- Hazelvale
- Coordinates: 34°55′31″S 116°49′20″E﻿ / ﻿34.92531°S 116.82222°E
- Country: Australia
- State: Western Australia
- LGA(s): Shire of Denmark;
- Location: 340 km (210 mi) SE of Perth; 10 km (6.2 mi) NE of Walpole; 50 km (31 mi) W of Denmark;

Government
- • State electorate(s): Warren-Blackwood;
- • Federal division(s): O'Connor;

Area
- • Total: 53.1 km^{2} (20.5 sq mi)

Population
- • Total(s): 83 (SAL 2021)
- Postcode: 6333
Localities around Hazelvale
| Trent | Trent | Trent |
| North Walpole | Hazelvale | Tingledale |
| Walpole | Nornalup | Tingledale |

= Hazelvale, Western Australia =

Locality in the Shire of Denmark, Western Australia

Hazelvale is a rural locality of the Shire of Denmark in the Great Southern region of Western Australia. The Frankland River forms much of the western border of Hazelvale. The Walpole-Nornalup National Park extends into the south-west of the locality.

==History==
Hazelvale is located on the traditional land of the Noongar.

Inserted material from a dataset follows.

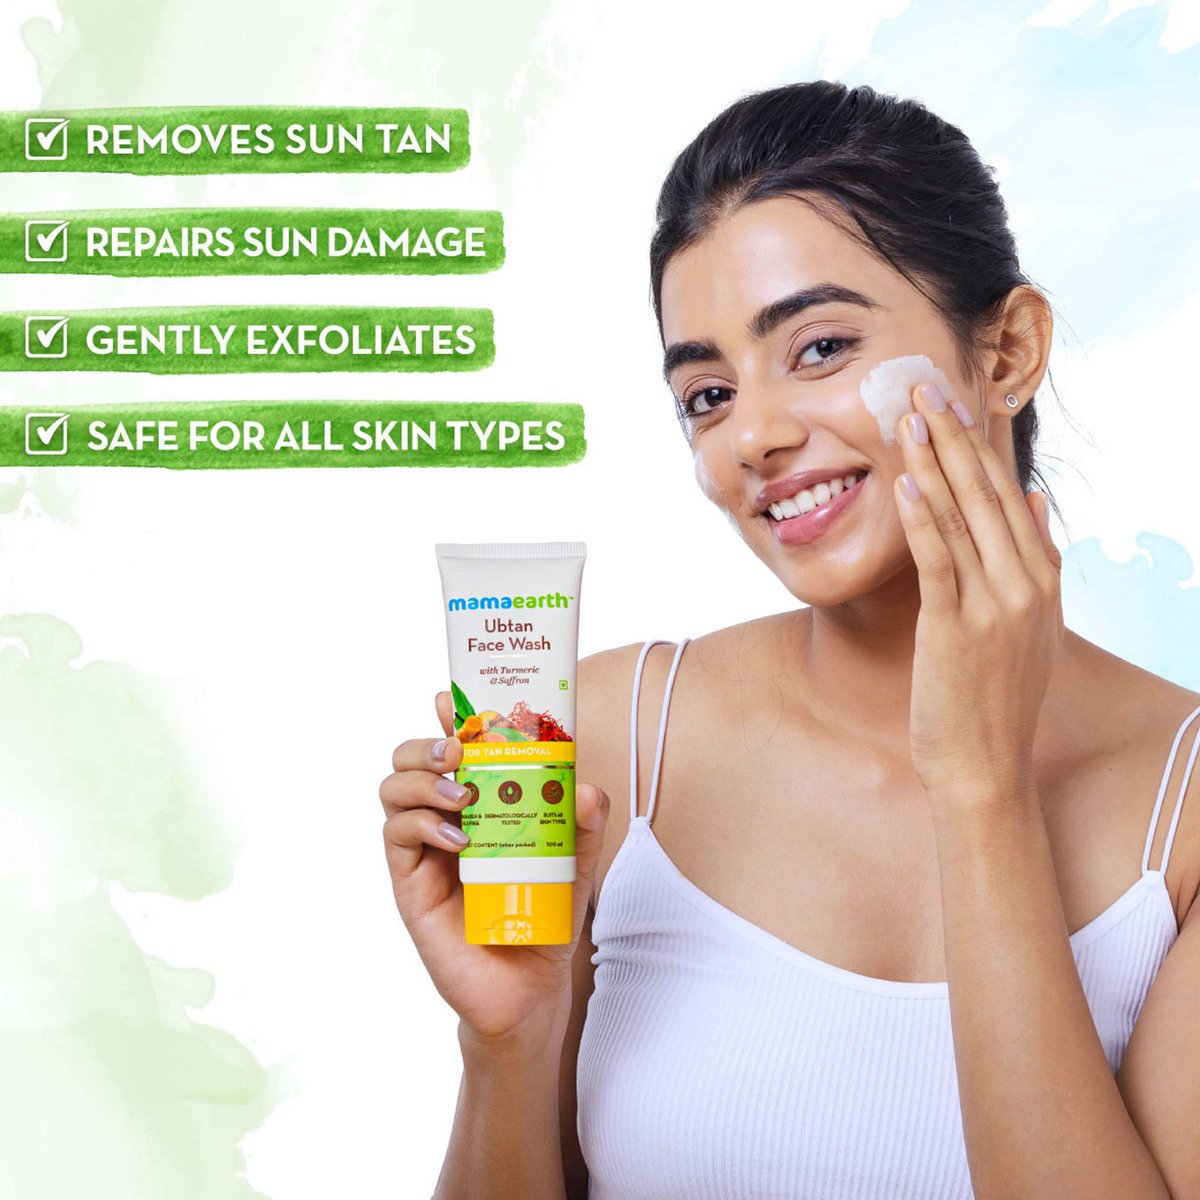 Mamaearth Tea Tree Facewash for Acne & Pimples 100 ml

The Hazelvale School and teacher's residence is listed on the shire's heritage register. Hazelvale was settled as part of the Group Settlement Scheme, being part of Group 139, originally under the name of Hazelwood. The school operated continuously from 1928 until 1941, when a teacher shortage because of the war forced its closure. The school did not reopen after the end of the war, with pupils attending school in Walpole instead.

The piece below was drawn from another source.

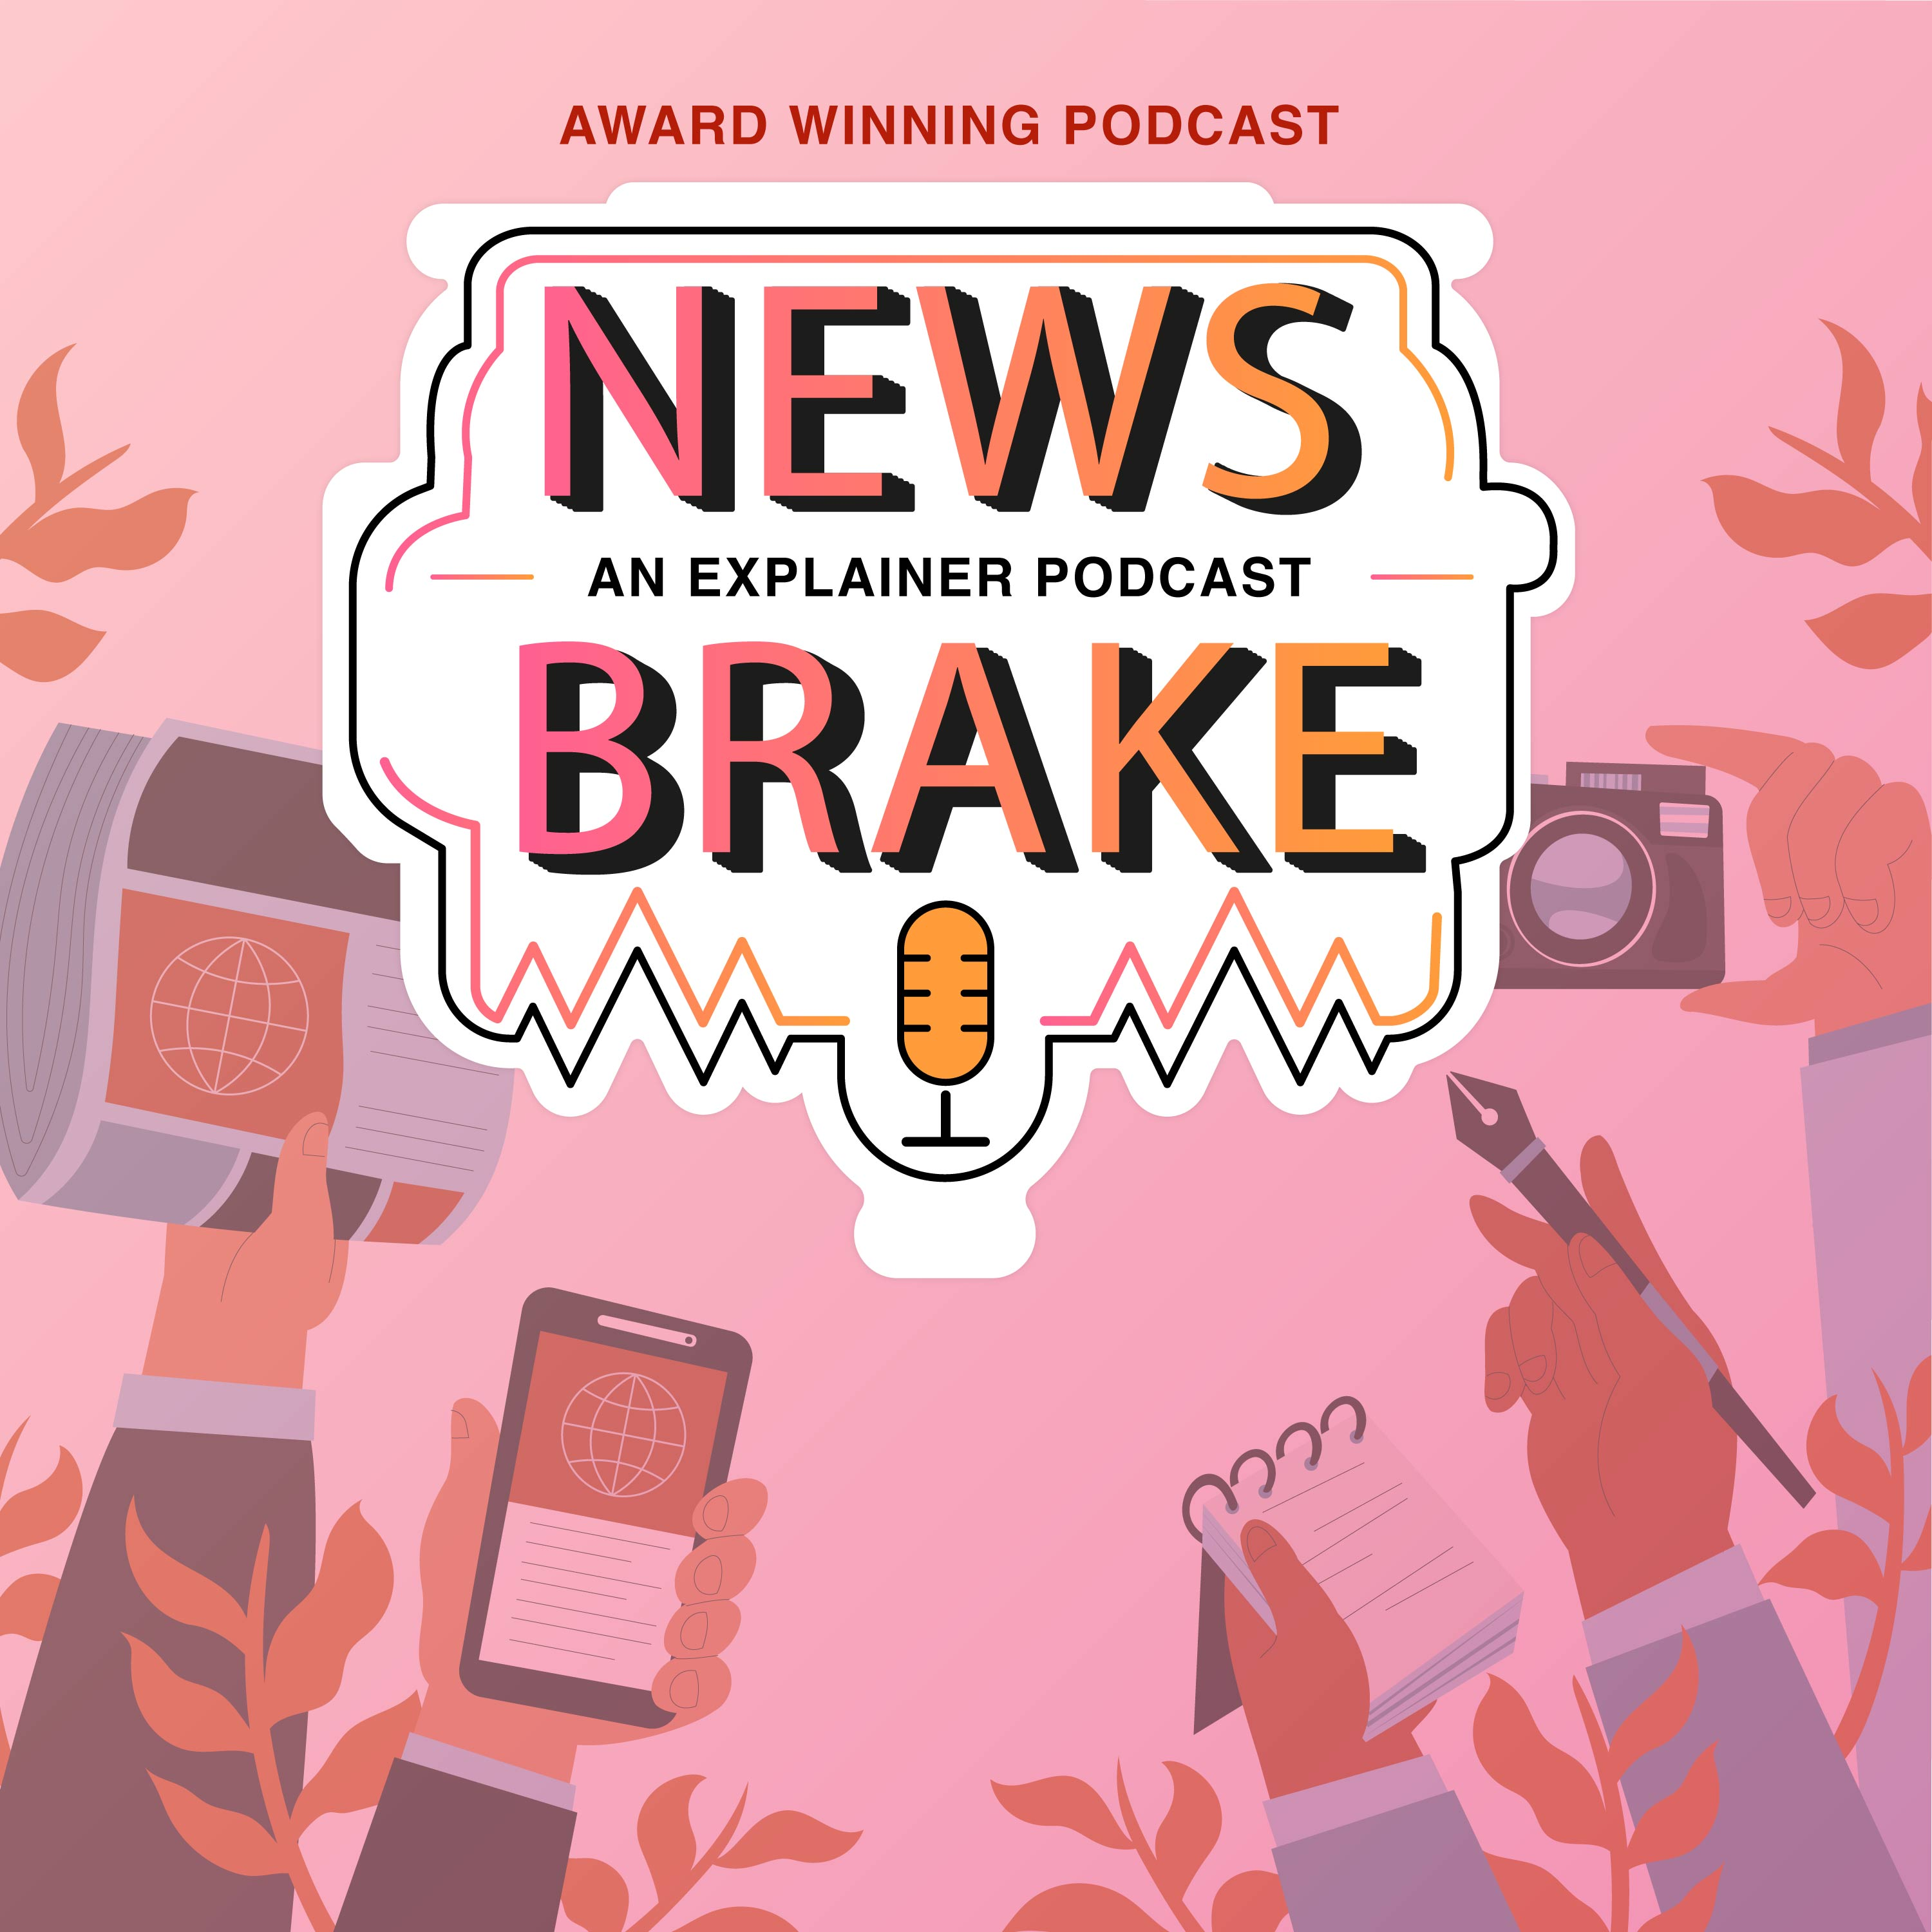 News Brake- An Explainer Podcast

The Sappers Bridge is also listed on the shire's heritage register and is located on the border of Hazelvale and Walpole. One of the few bridges over the Frankland River, the bridge was constructed in late 1982 by the 22nd Construction Squadron of the Royal Australian Engineers for the National Parks Authority of Western Australia as part of a construction exercise. The timber bridge replaced a previous structure that had been damaged by floods. The bridge is utilised by the Bibbulmun Track.